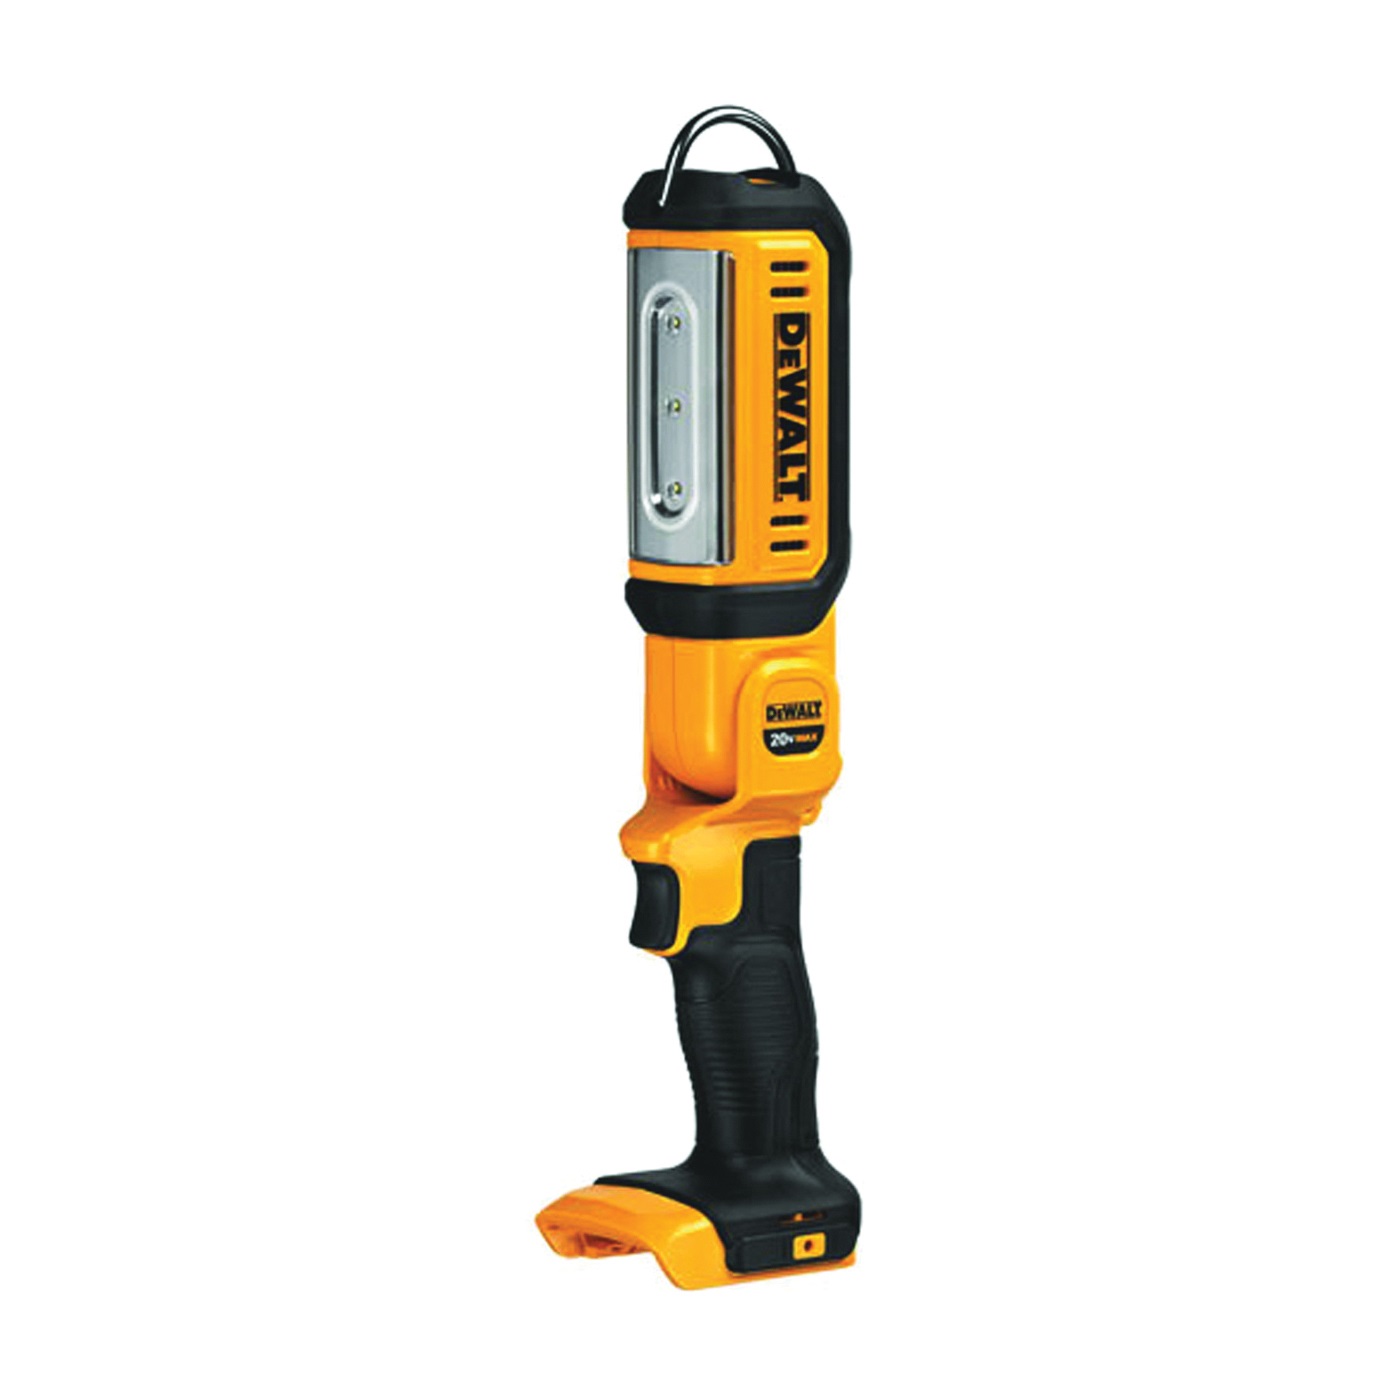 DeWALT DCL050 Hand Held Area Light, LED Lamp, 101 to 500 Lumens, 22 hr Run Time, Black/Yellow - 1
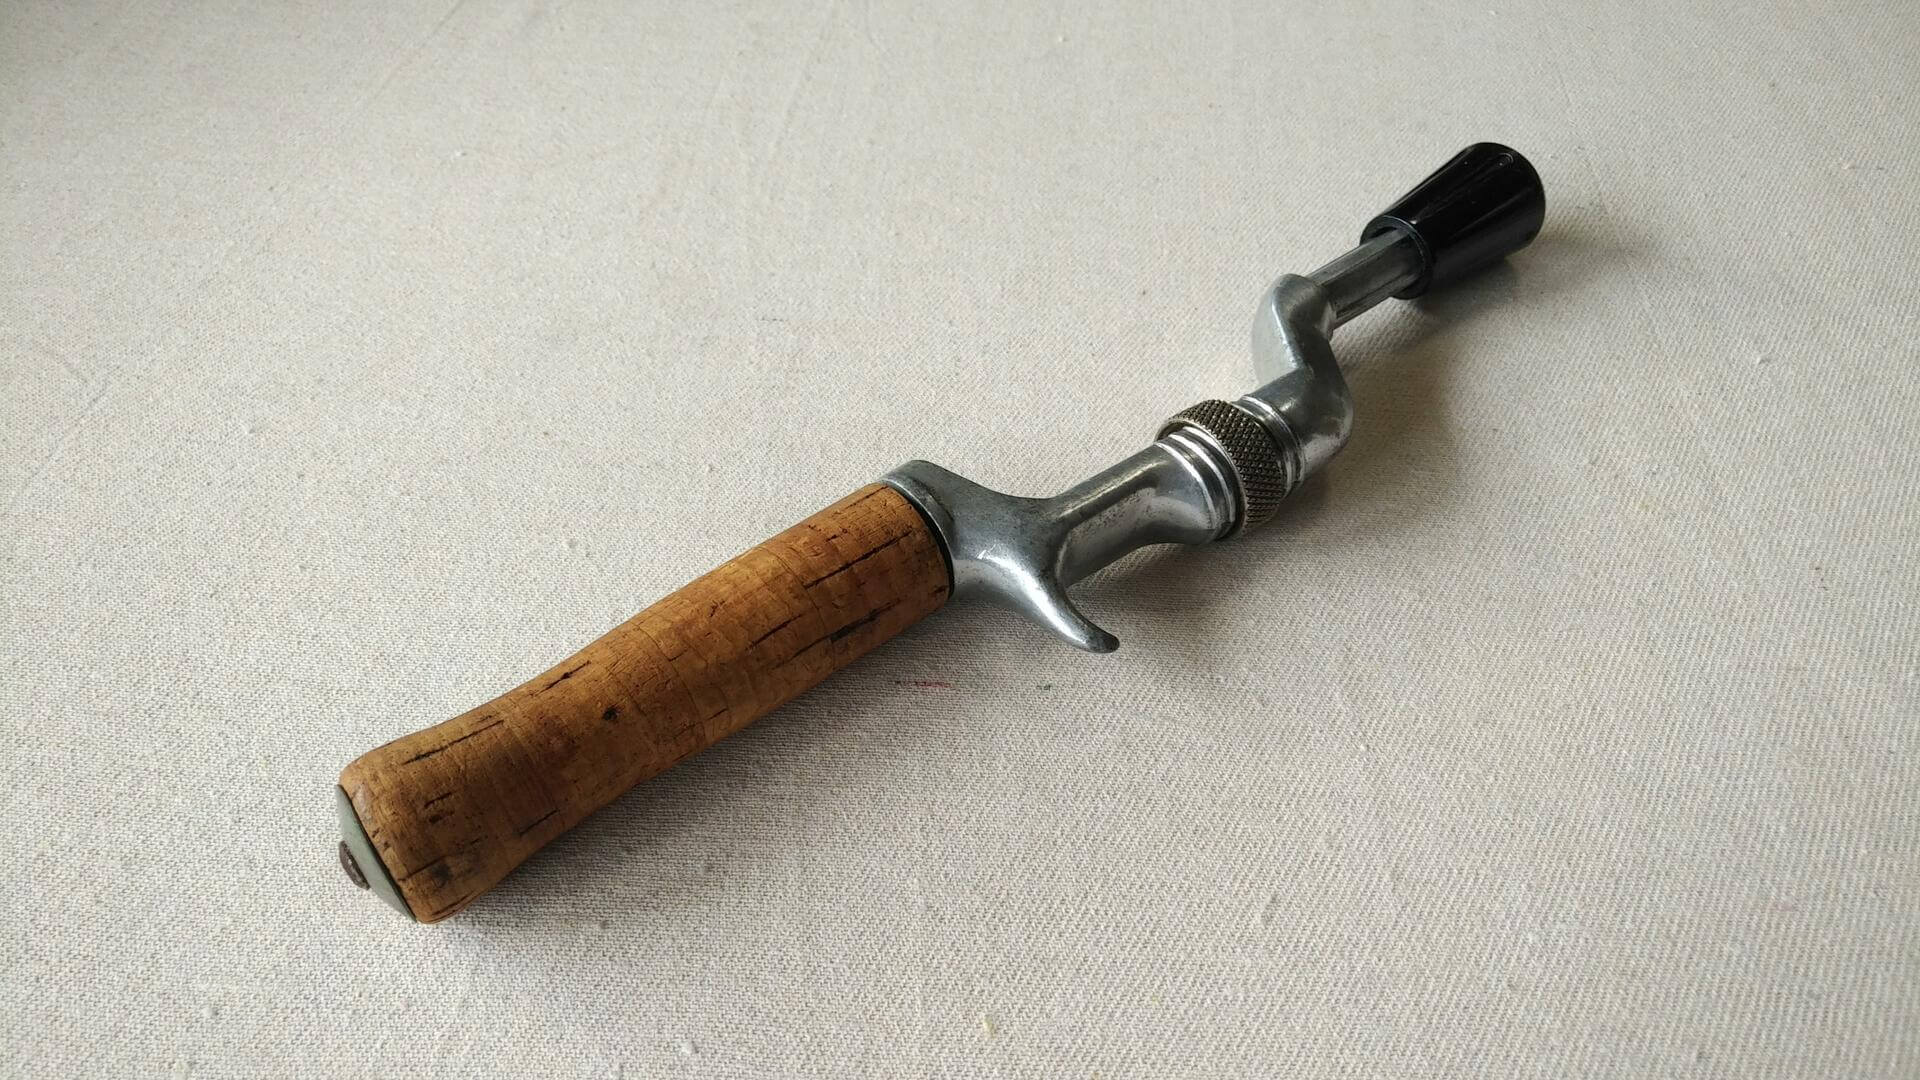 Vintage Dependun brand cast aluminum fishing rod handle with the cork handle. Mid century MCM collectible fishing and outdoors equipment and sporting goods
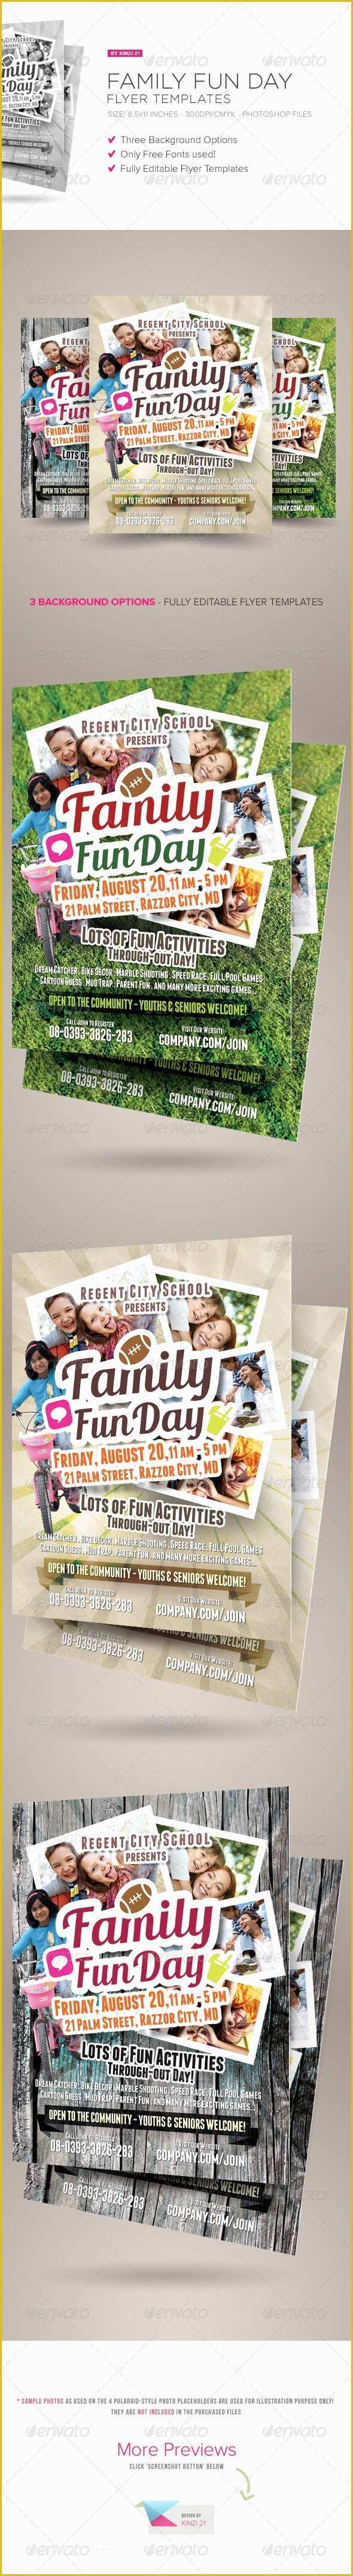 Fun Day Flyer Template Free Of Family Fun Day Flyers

Work instruction: From the first line to the last, return the material above exactly, apart from the pictures.

Result of this exercise:
 DeWALT DCL050 Hand Held Area Light, LED Lamp, 101 to 500 Lumens, 22 hr Run Time, Black/Yellow - 1
 Vintage Dependun brand cast aluminum fishing rod handle with the cork handle. Mid century MCM collectible fishing and outdoors equipment and sporting goods
 Fun Day Flyer Template Free Of Family Fun Day Flyers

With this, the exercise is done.